Mr Novis took the helm of HMP Leicester in February last year and vowed to tackle deep-lying problems in the prison.
“It was a dreadful place when I took over,” he said. “It was chaotic, and it was filthy. The staff were demoralised. The prisoners were demoralised. We were short of staff – and we’re still short of staff but that was only part of the problem, as we’ve shown.
“We were at rock bottom. I told the staff we would not be going any lower. I said ‘We are going forward, and my target is to be in the top 50 prisons within two years.’ We have hit that target in a year. We had a 21% reduction in violence. In the rest of the prison estate, it’s gone up massively. One prison has seen their rates of violence rise by 300%.”

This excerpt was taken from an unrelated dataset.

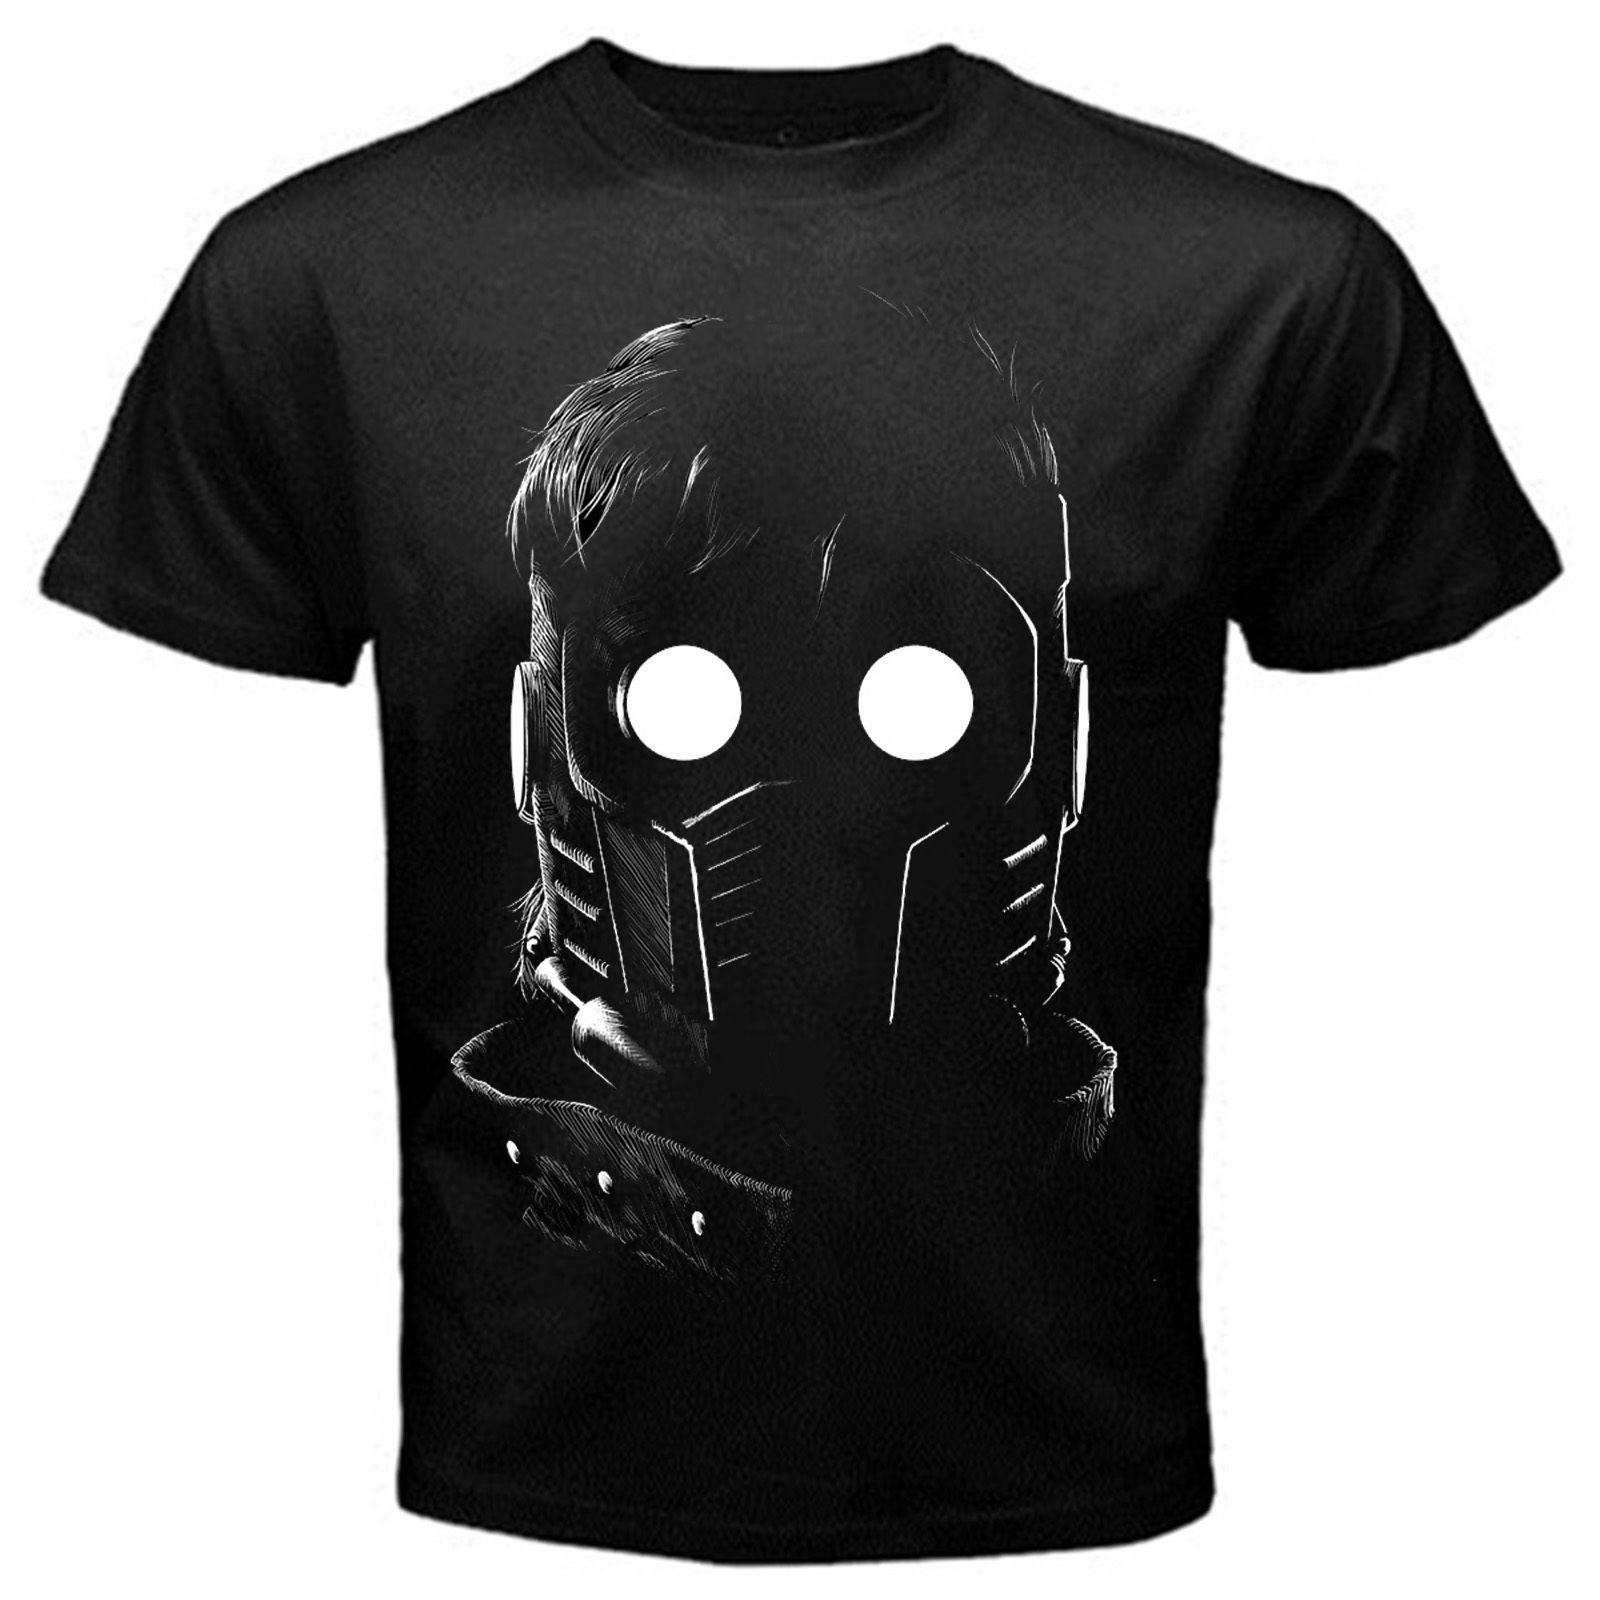 Starlord Guardian of the Galaxy movie cartoon T-Shirt Black Basic Tee

The partnership came about following a meeting between Mr Novis and the Vice-Chancellor of DMU, Professor Dominic Shellard.
“I had never been to a university and I had no idea what a vice-chancellor was,” said Mr Novis. “I expected an old crusty character but Dominic is the most inspirational person I have ever met.
“He asked what DMU could do to help, and at first I didn’t know. He said ‘what about doing something for staff first of all’ so we began by creating a garden to give them somewhere quiet to sit, which turned into a memorial for my secretary, Raghbir Sagoo who had just passed away after 28 years in the job.
“The staff saw the students arrive in their pink Square Mile shirts and thought ‘this is good’ and it gave everyone a lift.”
But it was the arrival of the DMU Gospel Choir that really caught the imagination of the prisoners and staff alike.
“That was the best thing I have ever done in my career in the prison service,” said Mr Novis.
“It was a beautiful day, and we were out in the exercise yard. Some of my staff came out with their grizzled features, and you could see them thinking ‘what’s this b******s?’ Within three minutes they were clapping along and smiling and the prisoners were dancing and singing.
“If only you could bottle that emotion, then you could sprinkle it when you needed it again and say to people ‘remember this feeling?’
“When I leave Leicester, whichever prison I go to next, my first point of call will be to the local vice chancellor and I’ll say ‘what partnership are you going to have with us?’ That’s the most ringing endorsement I can give.”
Mark Charlton, Head of Public Engagement at DMU, said: “Our partnership with Leicester Prison enabled us to develop one of our most rewarding programmes of innovative outreach.
The prison rating system is a data-driven report which examines a series of aspects of prison life, including the results of mandatory drug tests, staff sickness and the amount of activity hours for prisoners.
The latest annual rankings saw HMP Leicester rise from 104th position – just five spots off bottom berth – to 47th.
And in the table which groups similar types of prisons, Leicester now occupies second place, when it had been ninth, and bottom. “That’s actually more important to us,” added Mr Novis. “We are a remand prison, and they tend to be more challenging to run than other types of jail. Realistically, we can only hope to get in the top 30.
“Prisons at the top of the table tend to be open prisons and high security jails, which traditionally have more resources or less violence, which enable them to focus on the rehabilitation aspect much more.
“So we are absolutely thrilled with these results.”